Monday September 30, 2002: Triple X
I met up with Geri tonight and we went to see a movie. I had hoped to see “Road to Perdition” but it has come and gone. Instead we saw the new action monstrosity Triple X or XXX or whatever they call it. I am still trying to scrape the images out off my tongue.
Oh yes, it was a “fun”, “action-packed”, and a “twist” on the spy theme… Or if you prefer it was a ridiculous over budgeted B-movie cross between “The Dirty Dozen”, James Bond clichés and all “extreme” style beverage advertisements circa 1992. All squeezed through a teenager’s zit and squirted onto your Playstation 2 X Box Cube.
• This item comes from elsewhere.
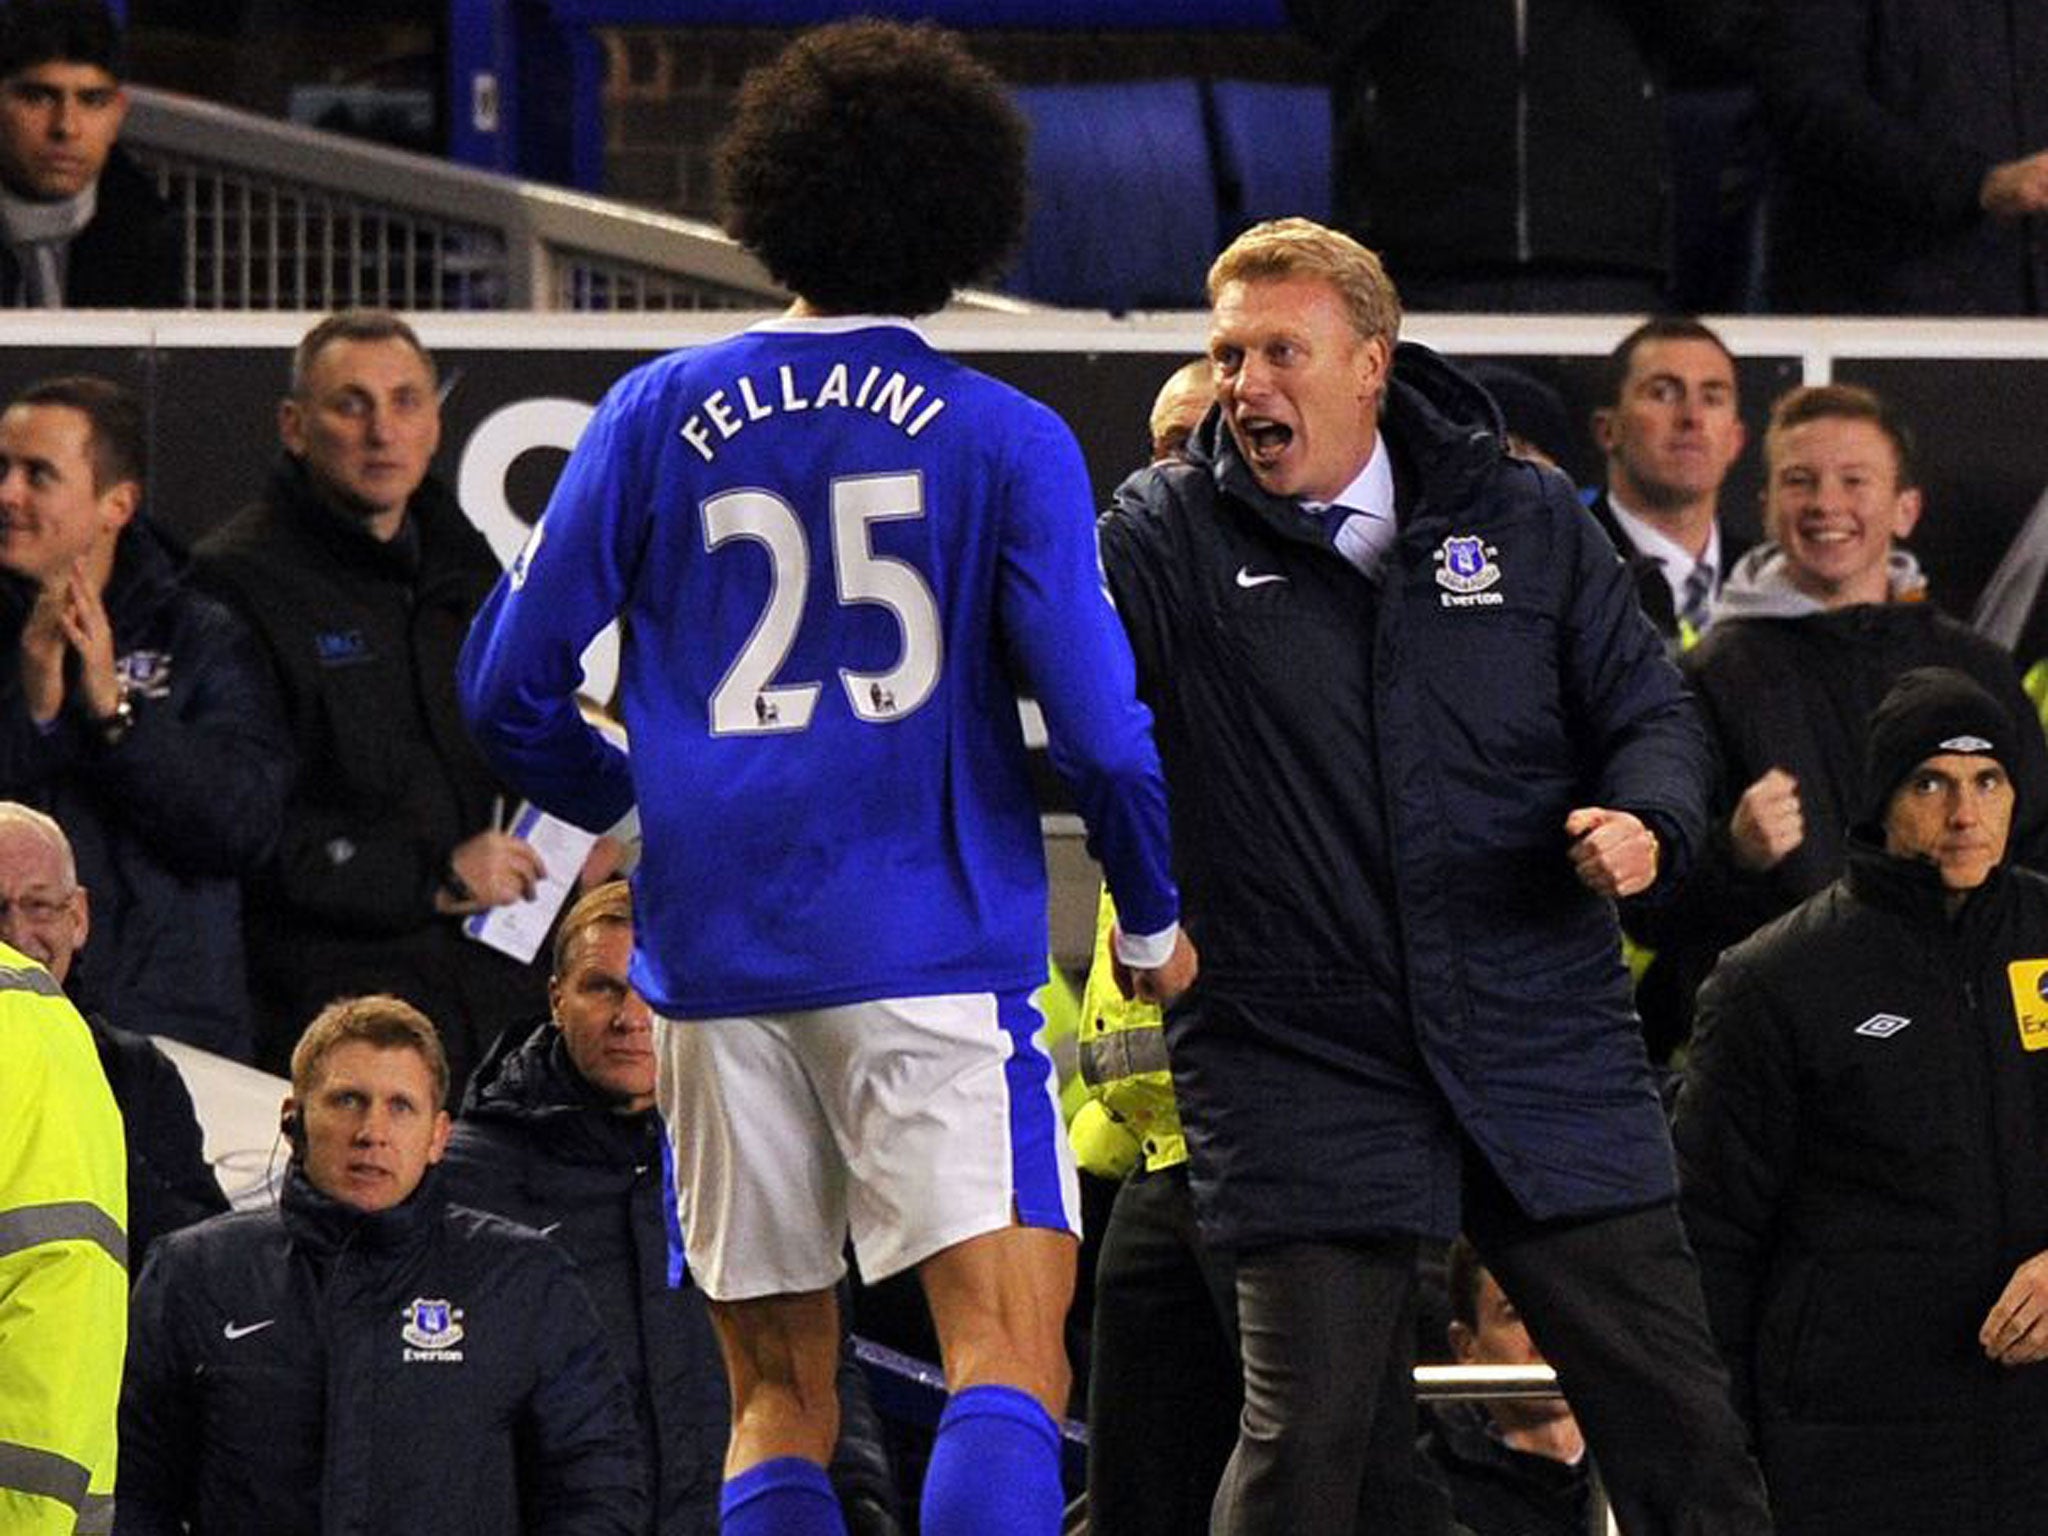 David Moyes is now at Manchetser United and hopes Marouane Fellaini will soon be joining him there

You remember those snowboarding out of airplanes while drinking some cola commercials they used to have? Now imagine that with LOTS of explosions.
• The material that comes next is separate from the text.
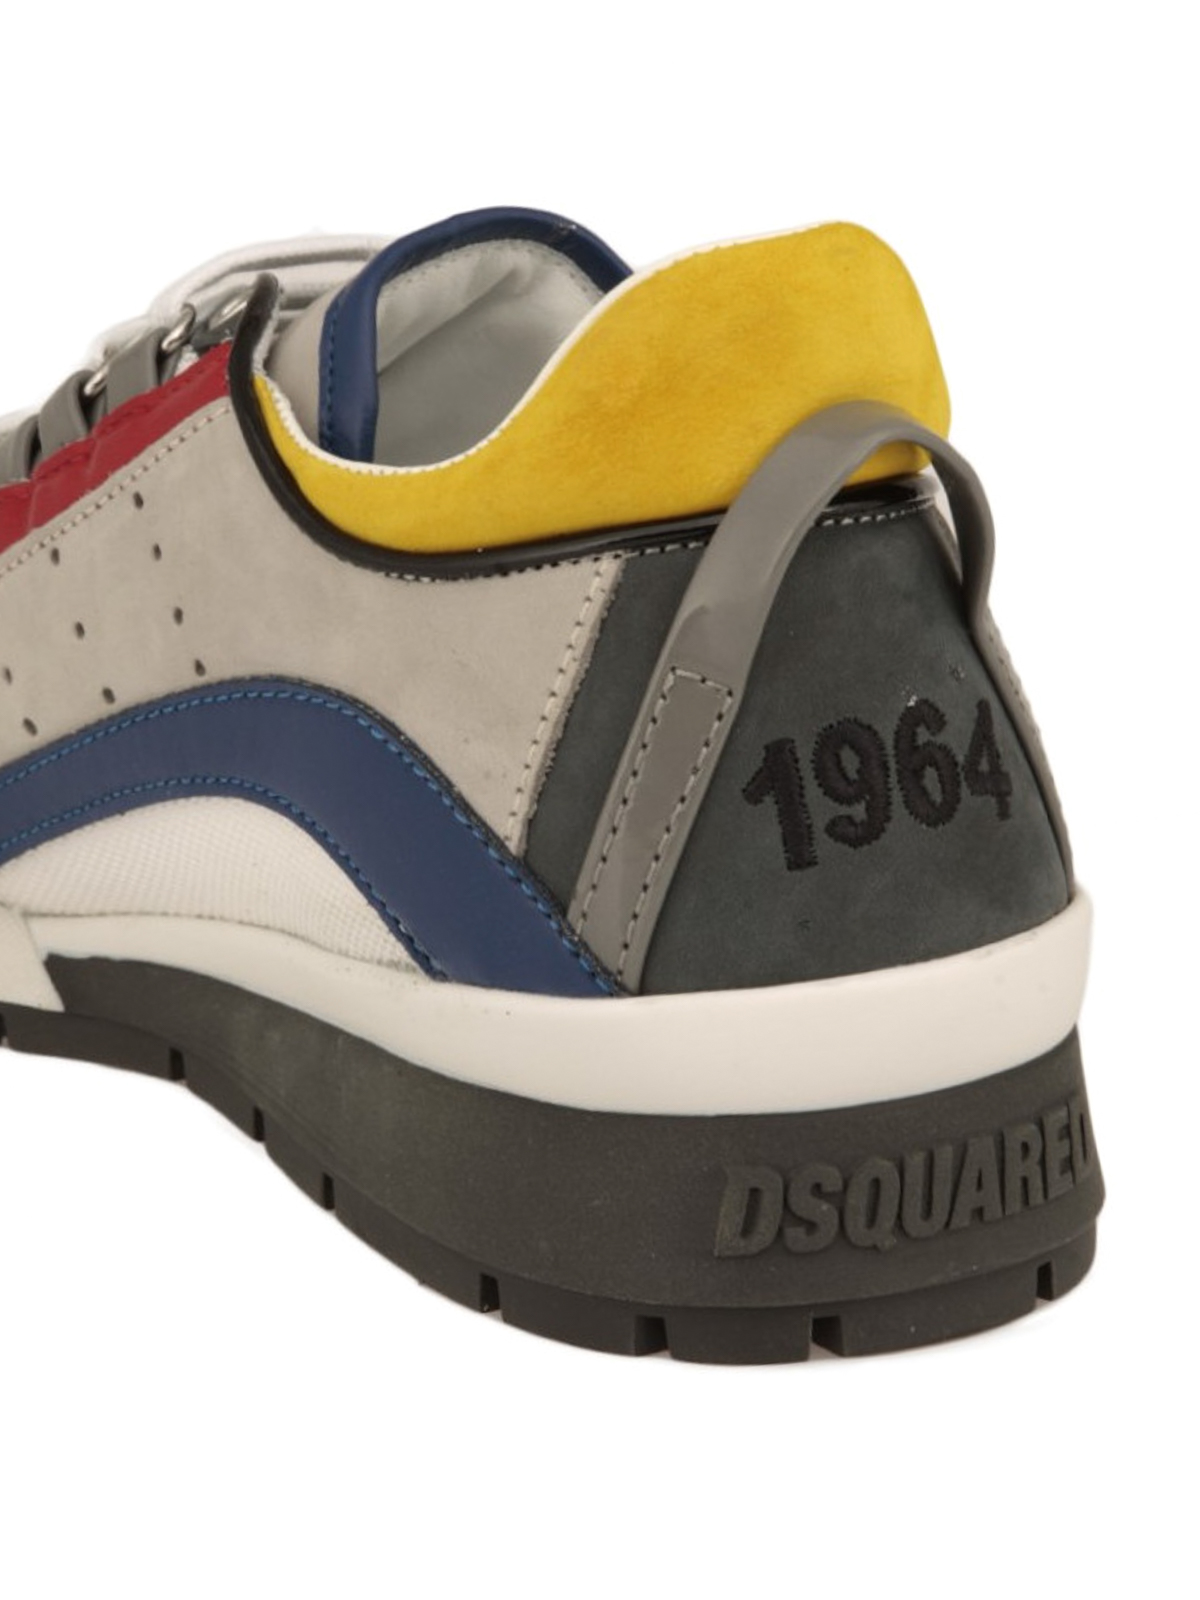 dsquared 1964 trainers

Van Dewezil or whatever that guys name is has always bugged me. He bugs me in the same way the Nicolas Cage does (with the exception of “Wild at Heart”). He’s sort of dopey. Not dopey in a fun way or a good way. He’s dopey like a lacrosse player. One too many whacks to the skull. Punch drunk. You know… STUNNED.
So to be fair I guess I was doomed to be annoyed by this movie just because I have to look at him for two hours.
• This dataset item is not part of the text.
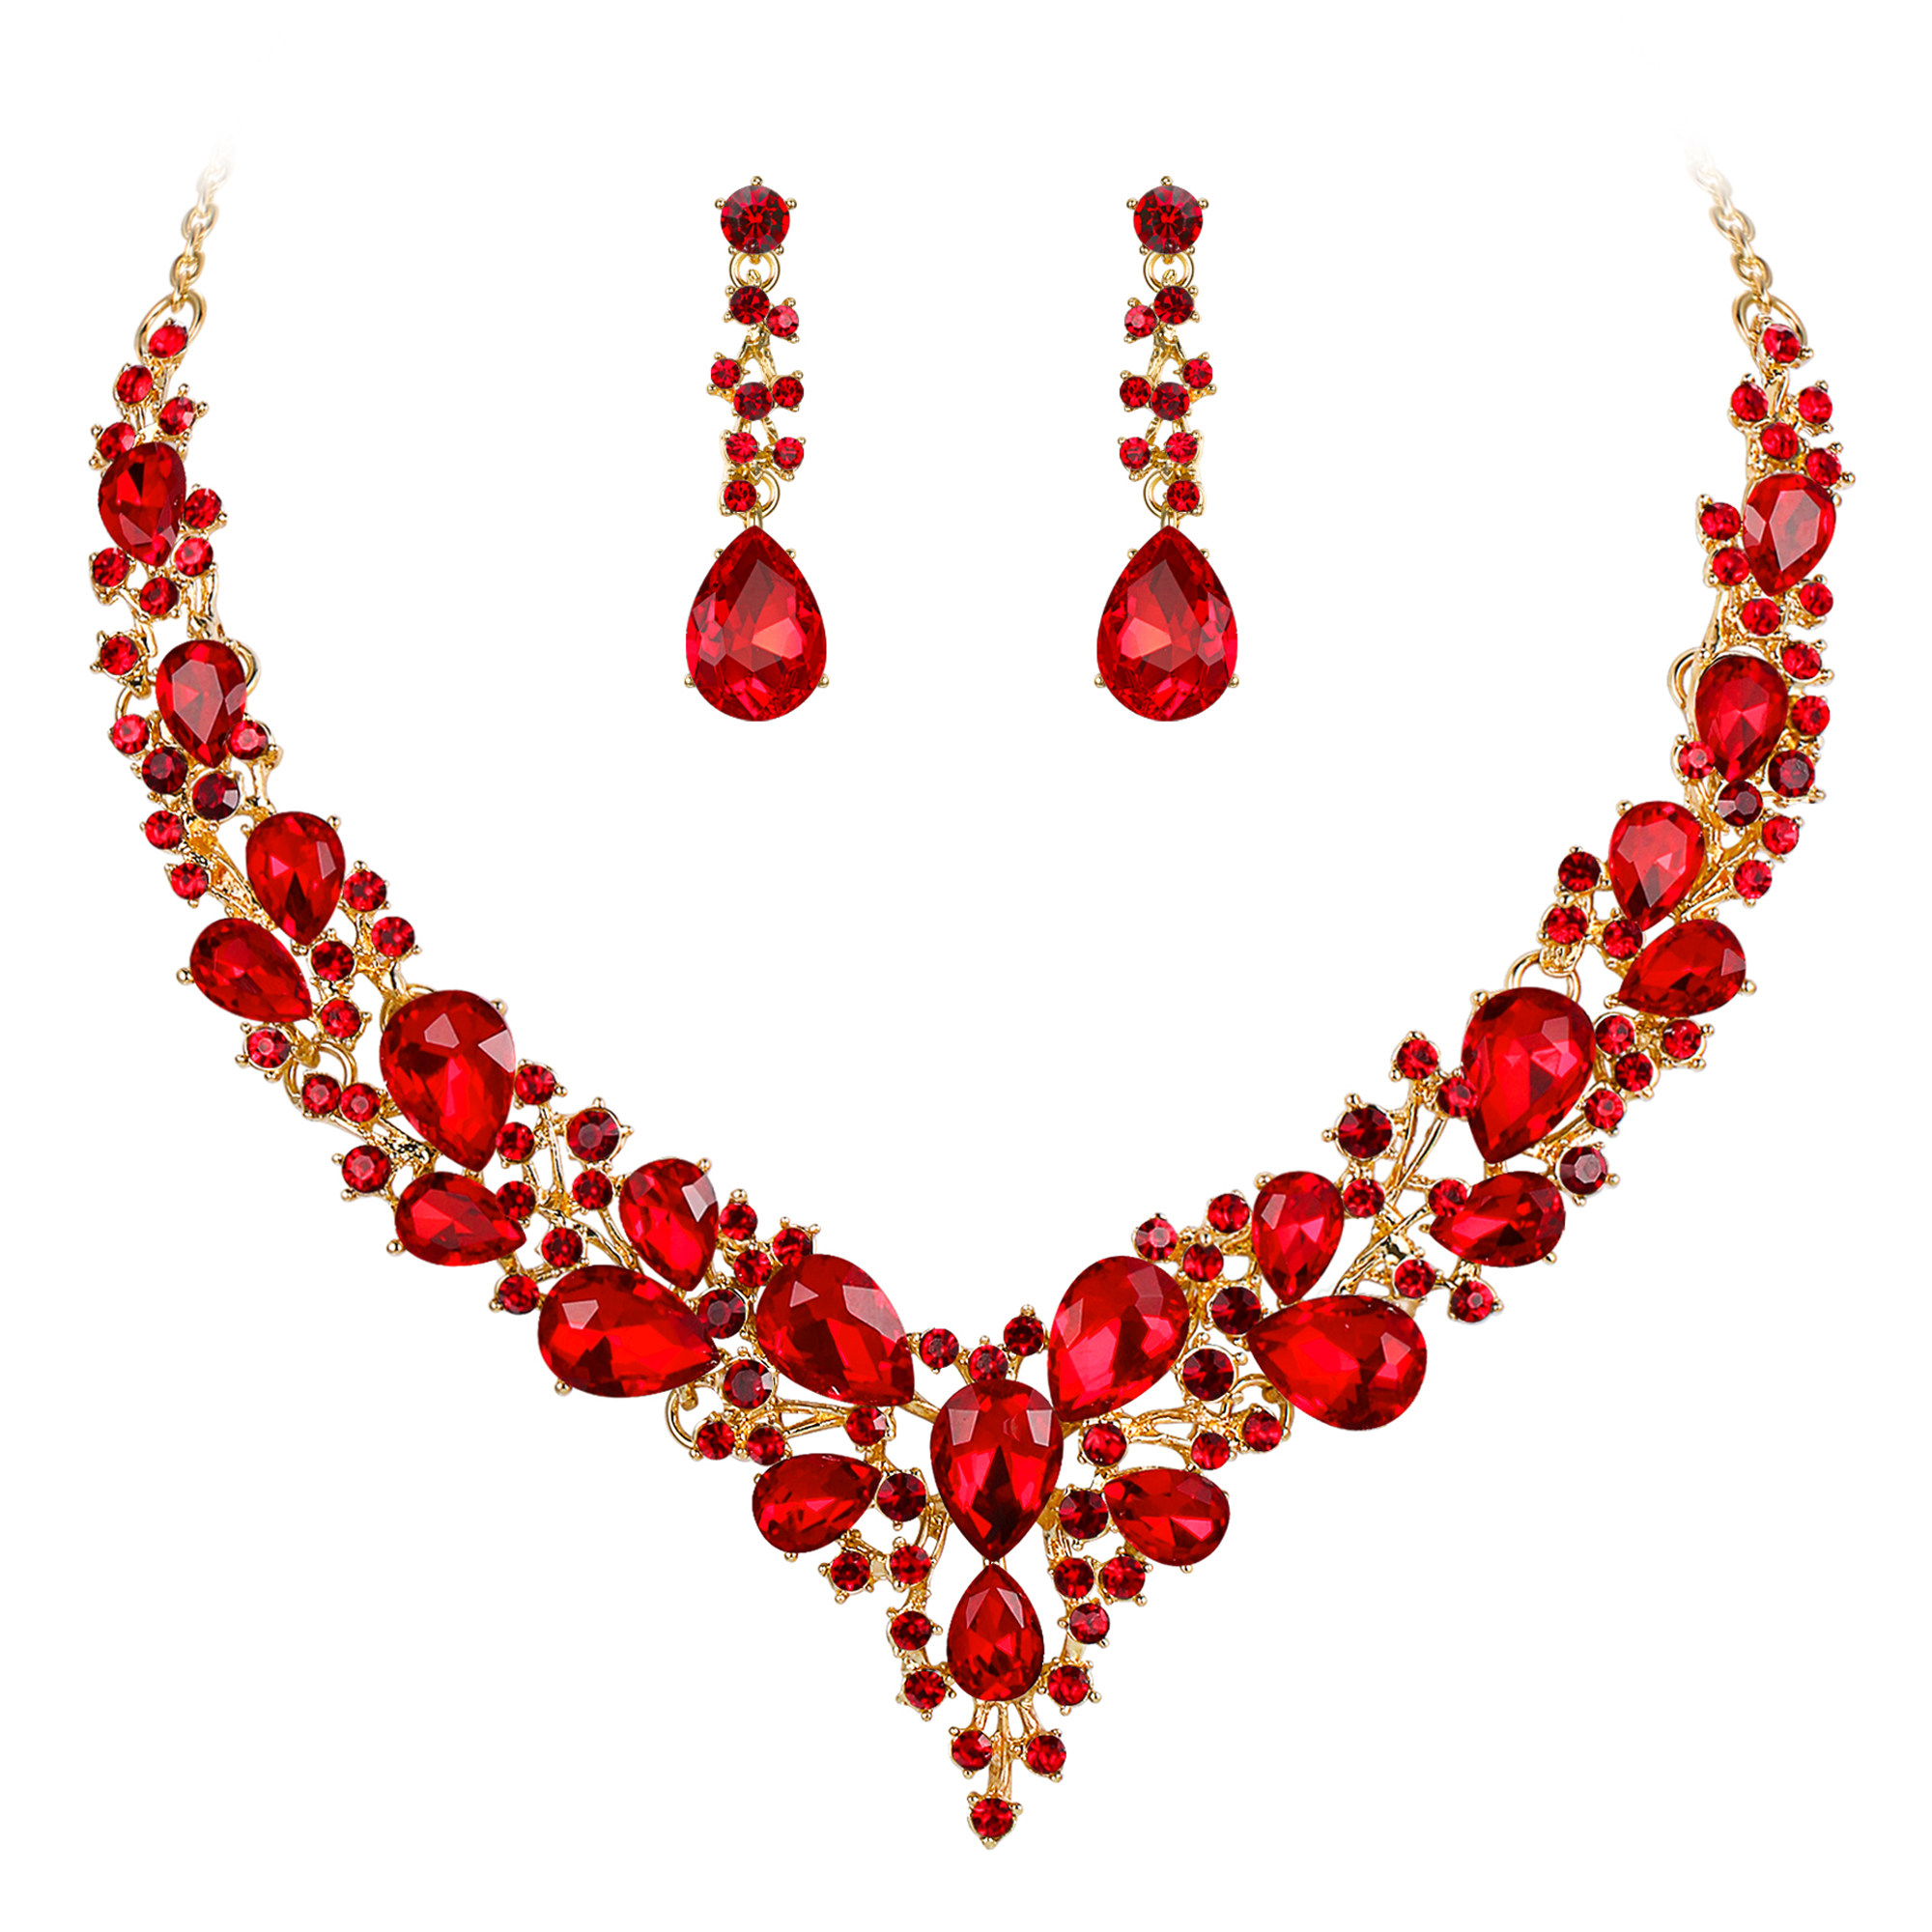 Wedure Wedding Bridal Necklace Earrings Jewelry Set for Women, Austrian Crystal Teardrop Cluster Statement Necklace Dangle Earrings Set Ruby Color Gold-Tone - image 1 of 5

So there’s these bad guys right… and they kill the James Bond guy because of course he didn’t have the “Street knowledge” so the secret NSA guys have to recruit some hard-ass mo fo’s (Dirty Dozen!) to do the job instead…
This movie was sadly written by people of my generation. Of this I am both sure and ashamed. Only someone born between 1963 and 1966 would think a GTO is the coolest car possible. (Because it is of course!)
TEN STREET KNOWLEDGE KICK ASS HERO GUIDELINES AS DEFINED BY 36 YEAR-OLD HOLLYWOOD SCRIPT WRITERS
1) Have lots of stupid tattoos so you are easily identifiable
2) Drive a flash car (GTO)
3) Talk like rappers do on MTV
4) Hold your gun sideways
5) Lots of mini-bike hero type jumps over stuff
6) Explosions
7) More explosions
8) Bad guy must have LONG hair
9) Good guy must shave head to hide balding or grey
10) Cool electronic spy gear
The horror….
The horror…
And as if it wasn’t bad enough I had to look at Dim Weasel for two hours… I had to look at Prague!
I shouldn’t see movies like this. I should know better. It was fun to see it with Geri… But any movie is fun to see with her. Even the truly awful “Simon Sez” was fun to see with Geri. And THERE was a truly awful movie. Oddly no more awful than this one. It just had a budget that was as poor as the movie itself. Triple X had a lot of money behind it. Which means bigger guns, bigger stunts, and bigger explosions.
The big problem I have with movies like this is my inability to suspend disbelief. I can do it watching science fiction… but war or action movies are pure torture. Blame it on my Father, blame it on the Halifax Rifles or blame it on my library card but I can’t watch a movie like Tripe-hell X without seeing every single mistake regarding firearms or tactics and getting really upset about it… For me people holding their weapons sideways is like finger-nails being dragged down a chalk board.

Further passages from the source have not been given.